(Required action) Could you repeat every line below exactly, skipping the images?

(Available data)
<<<<

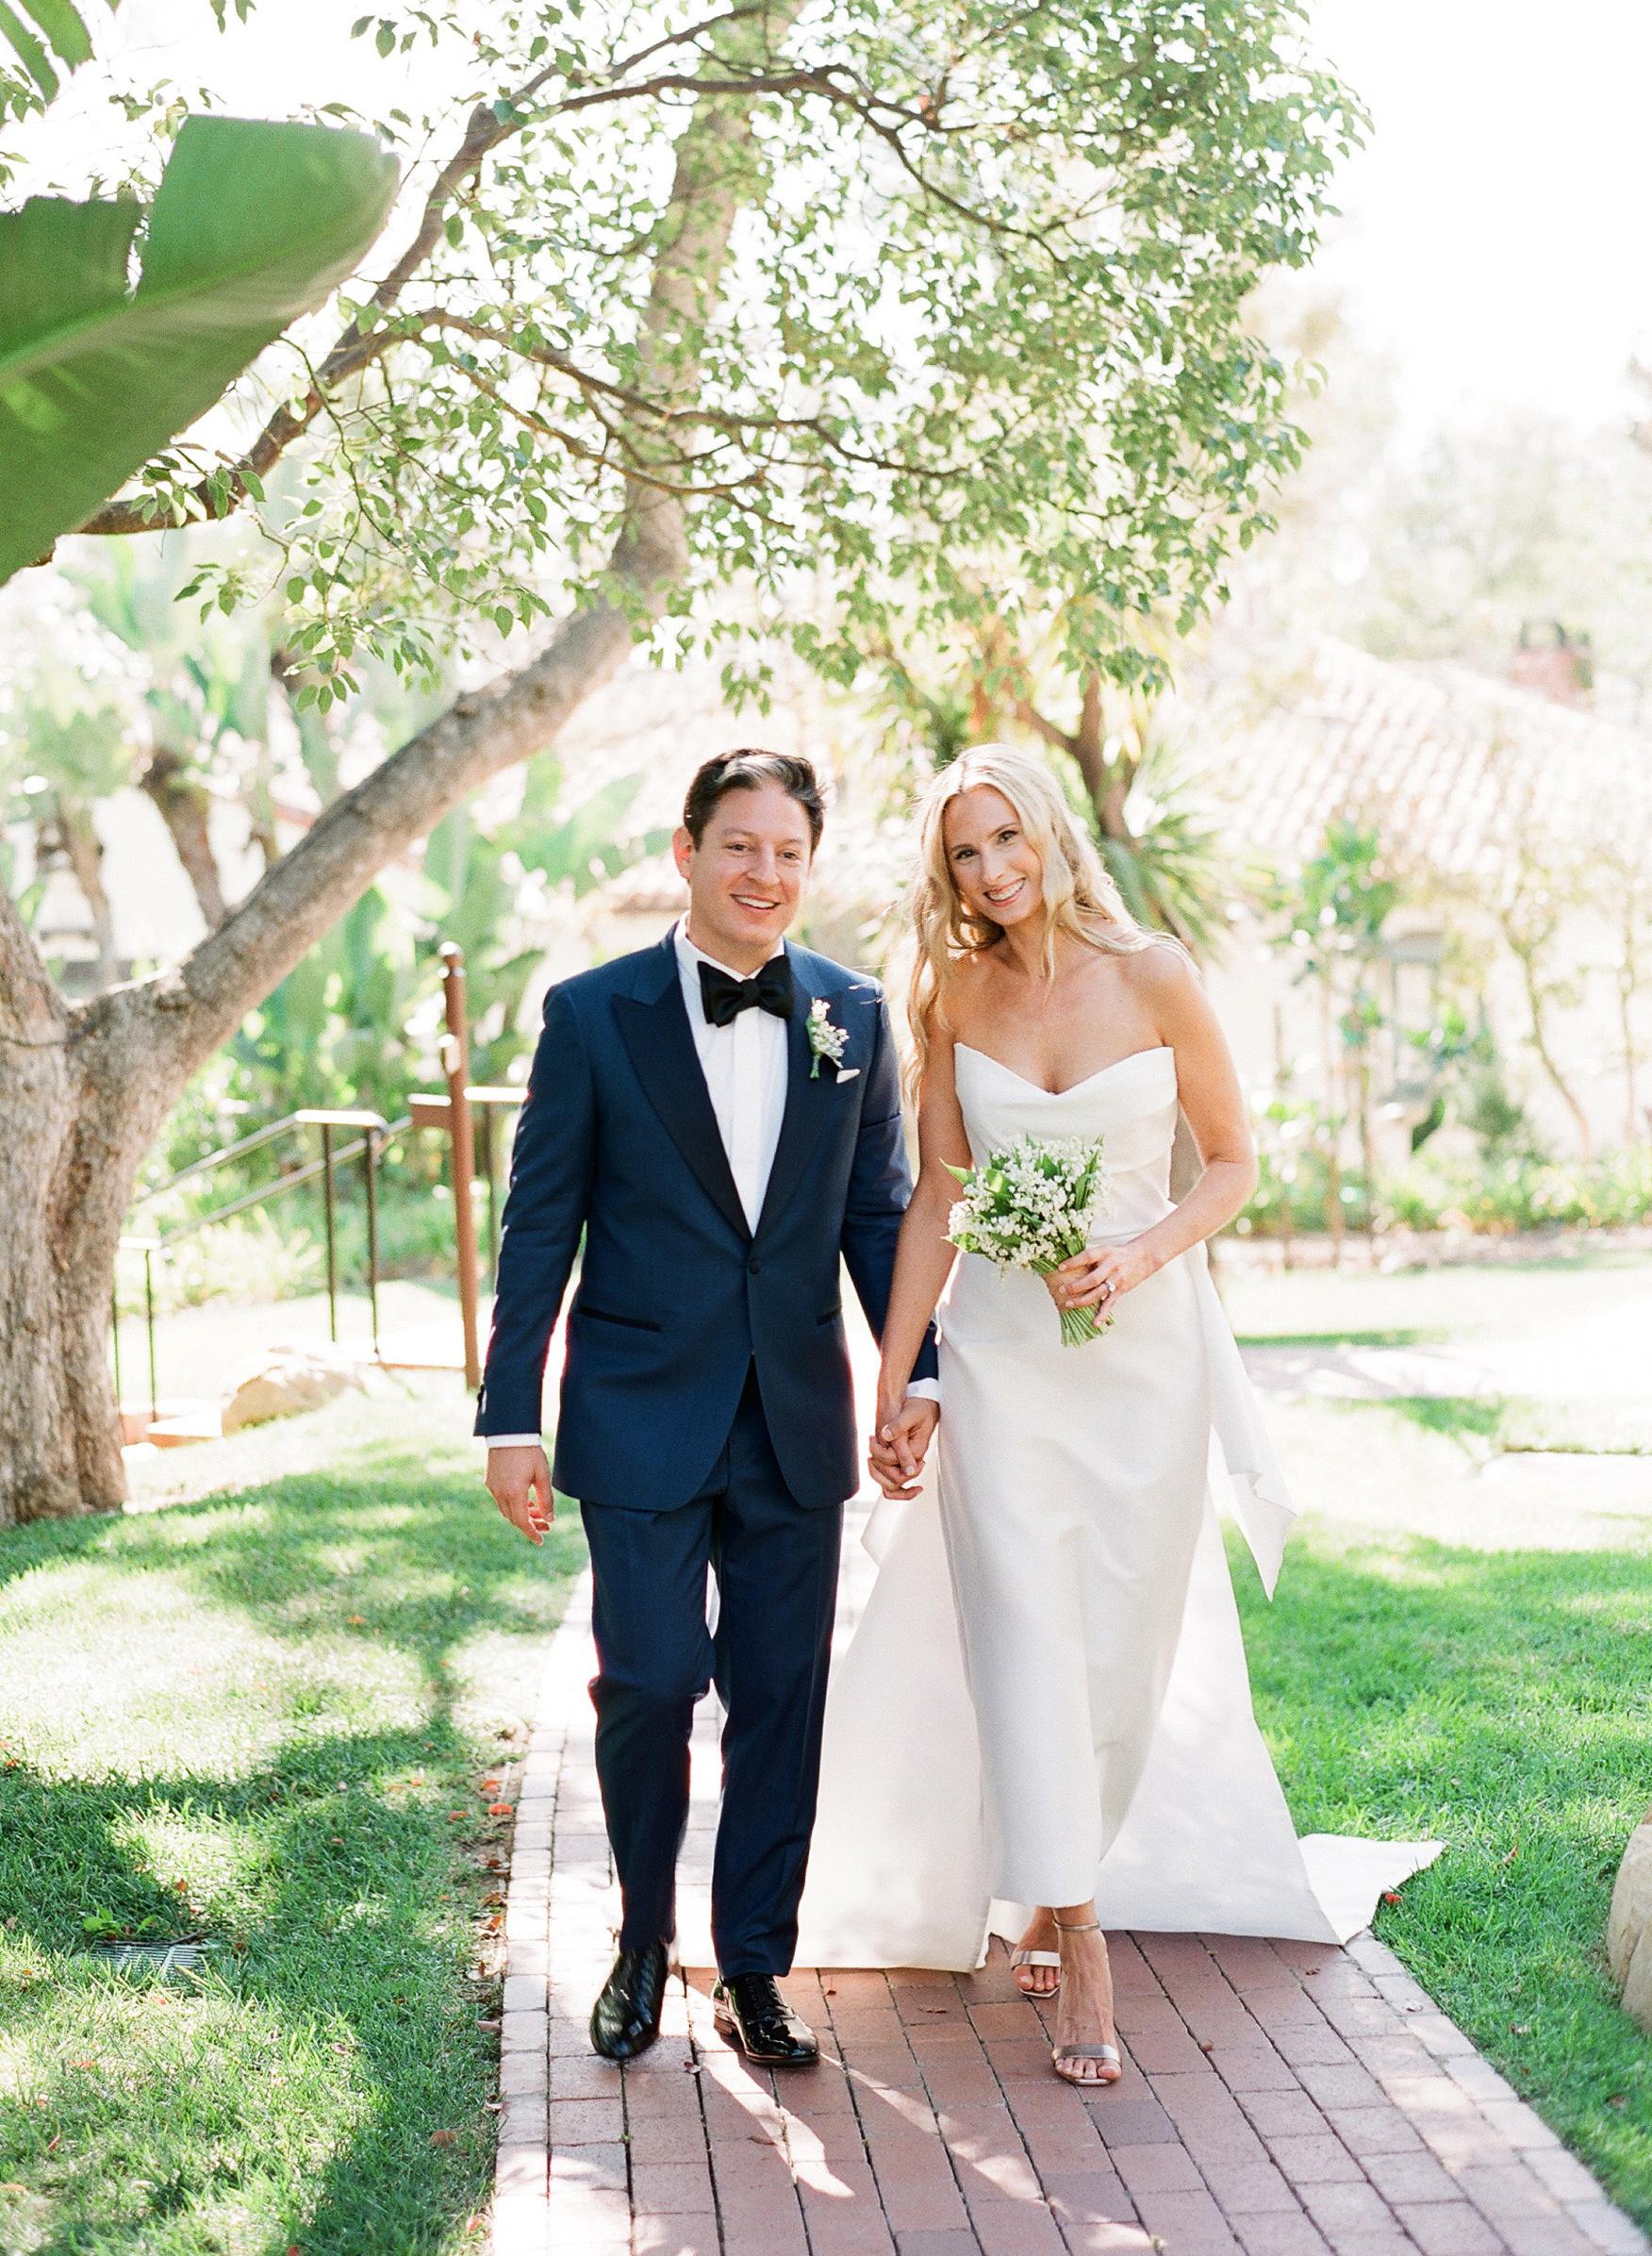 katy michael wedding couple
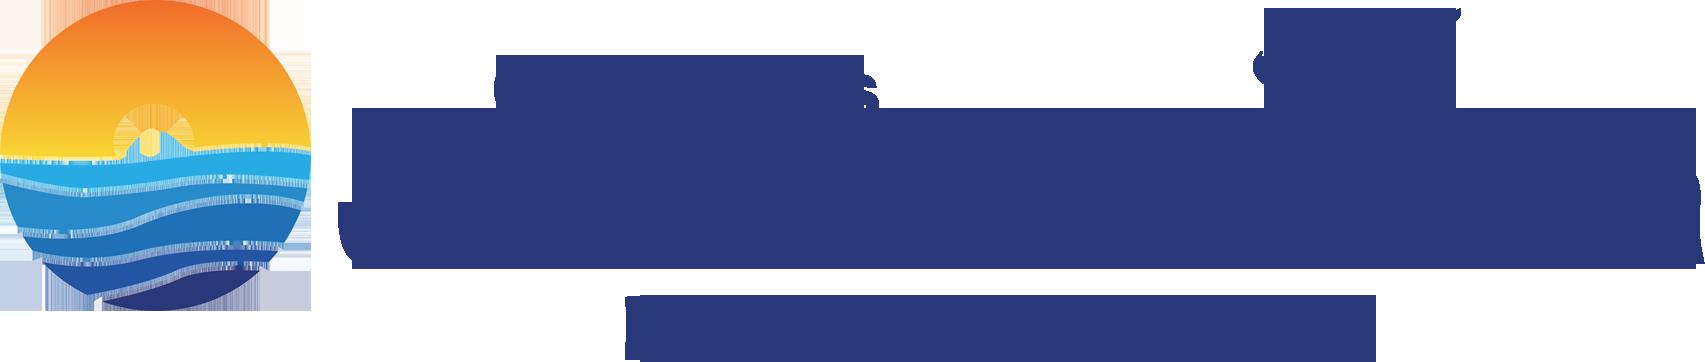 Juan Gaviota
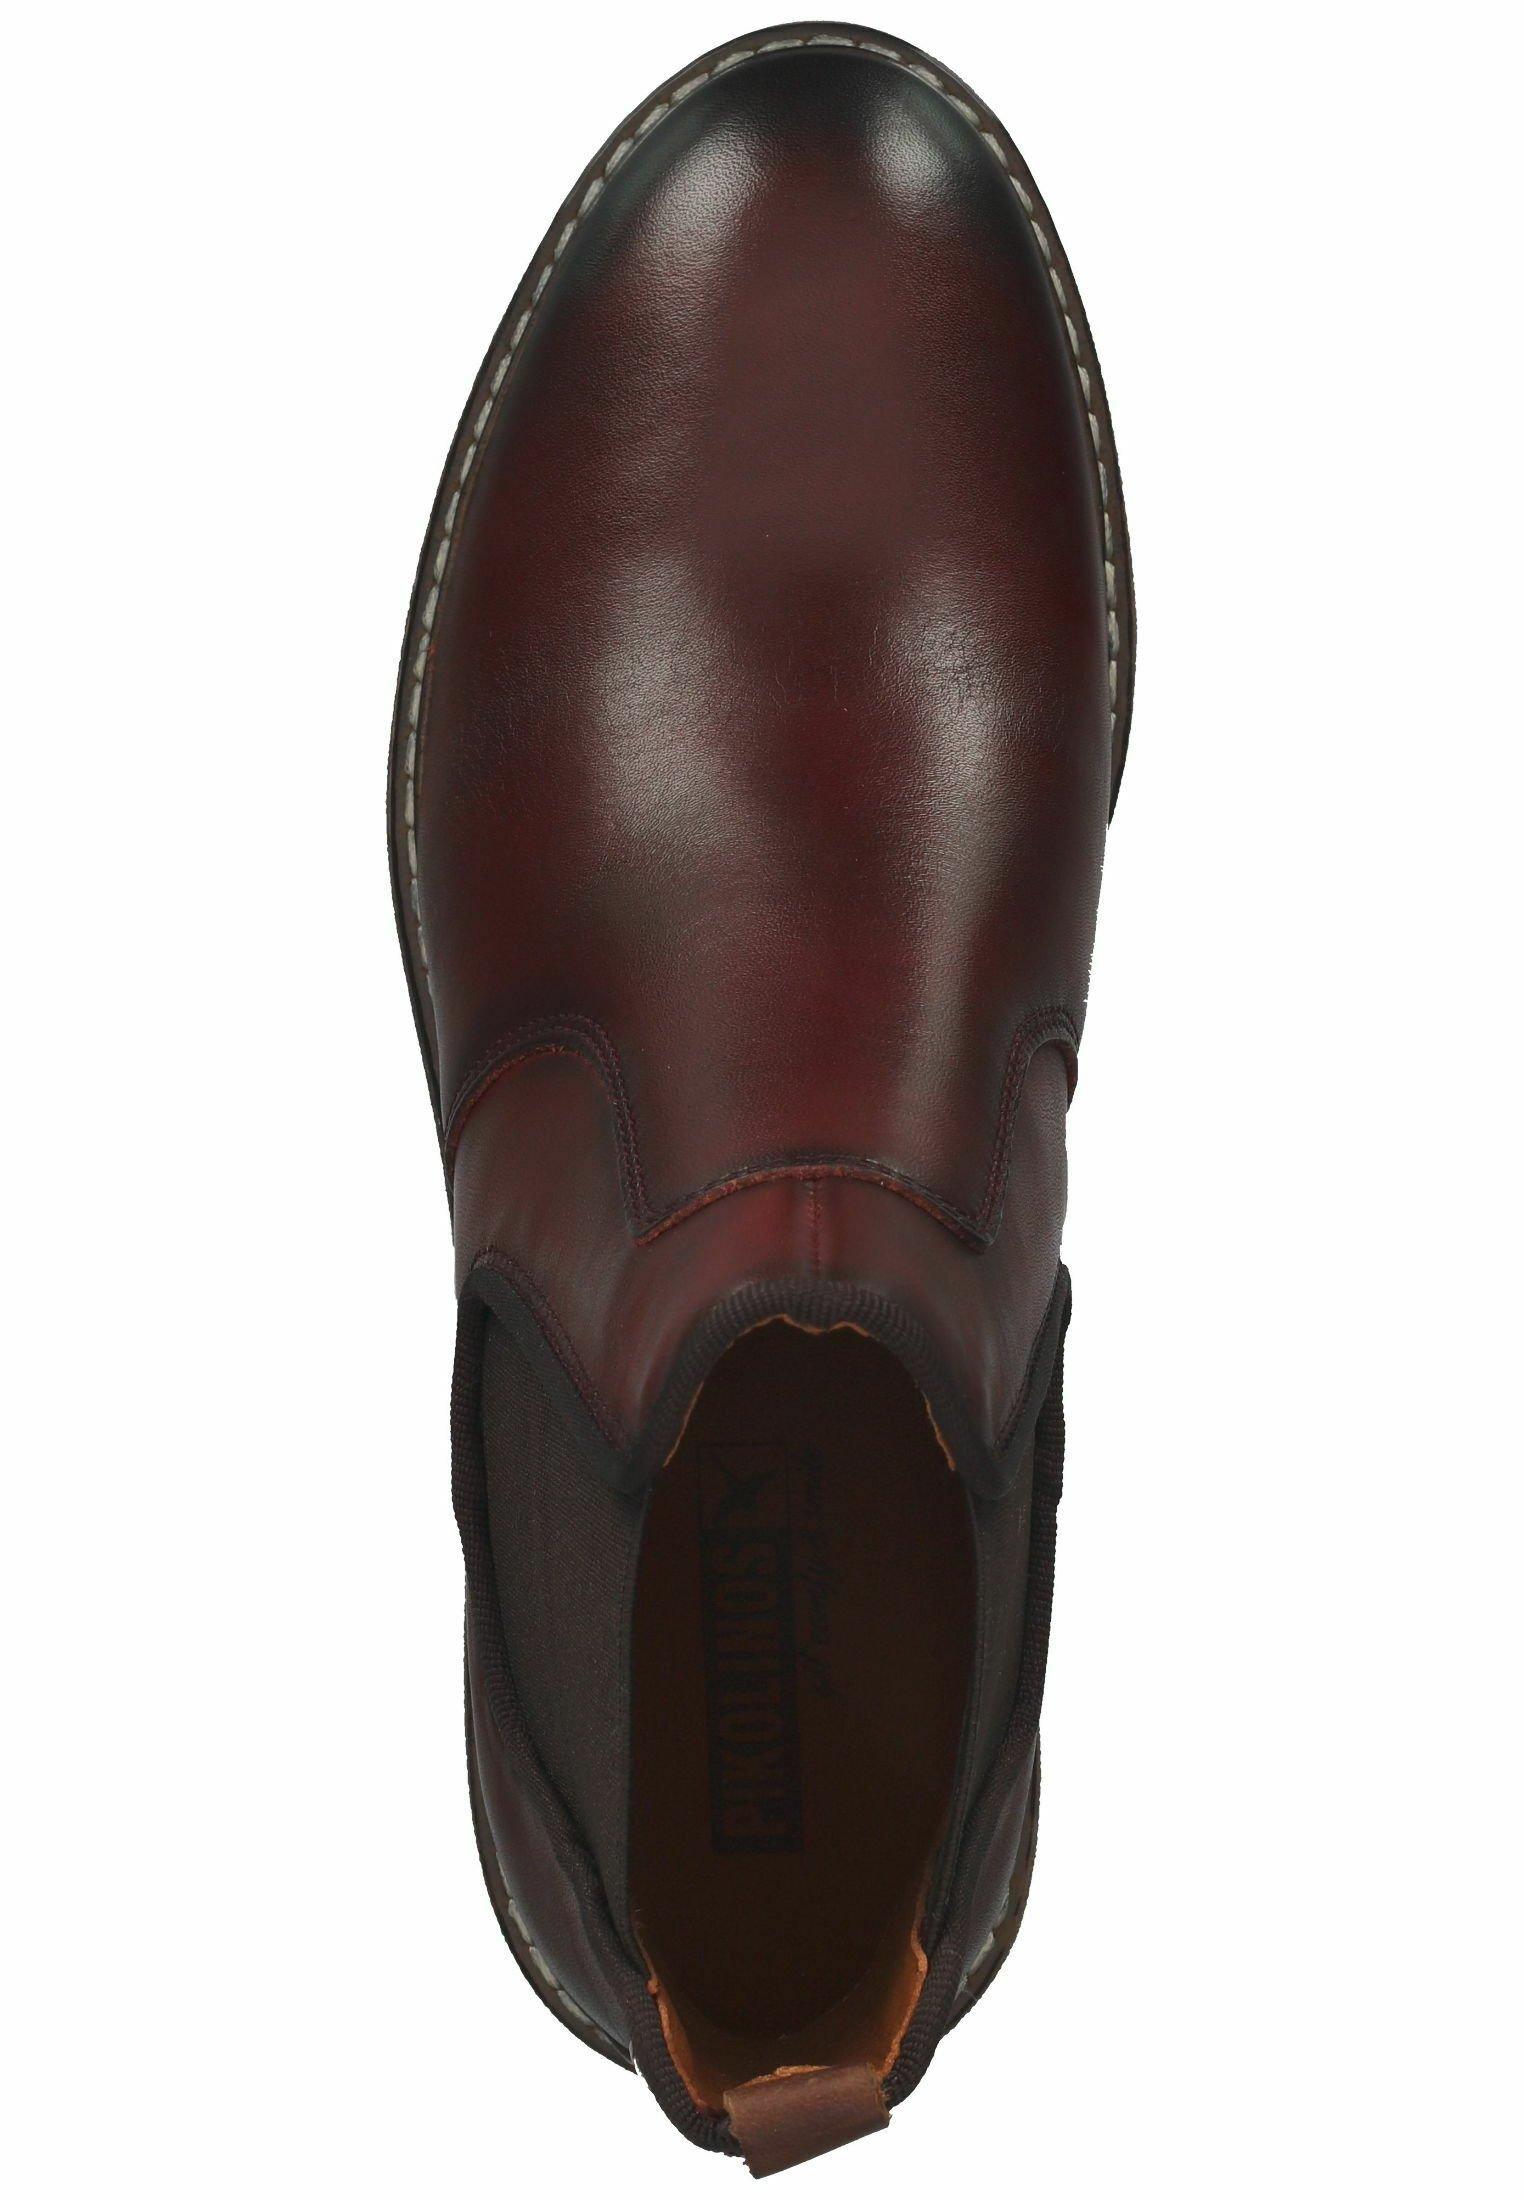 Damen Ankle Boot - arcrilla

>>>>

(Answer below)
 katy michael wedding couple
 Juan Gaviota
 Damen Ankle Boot - arcrilla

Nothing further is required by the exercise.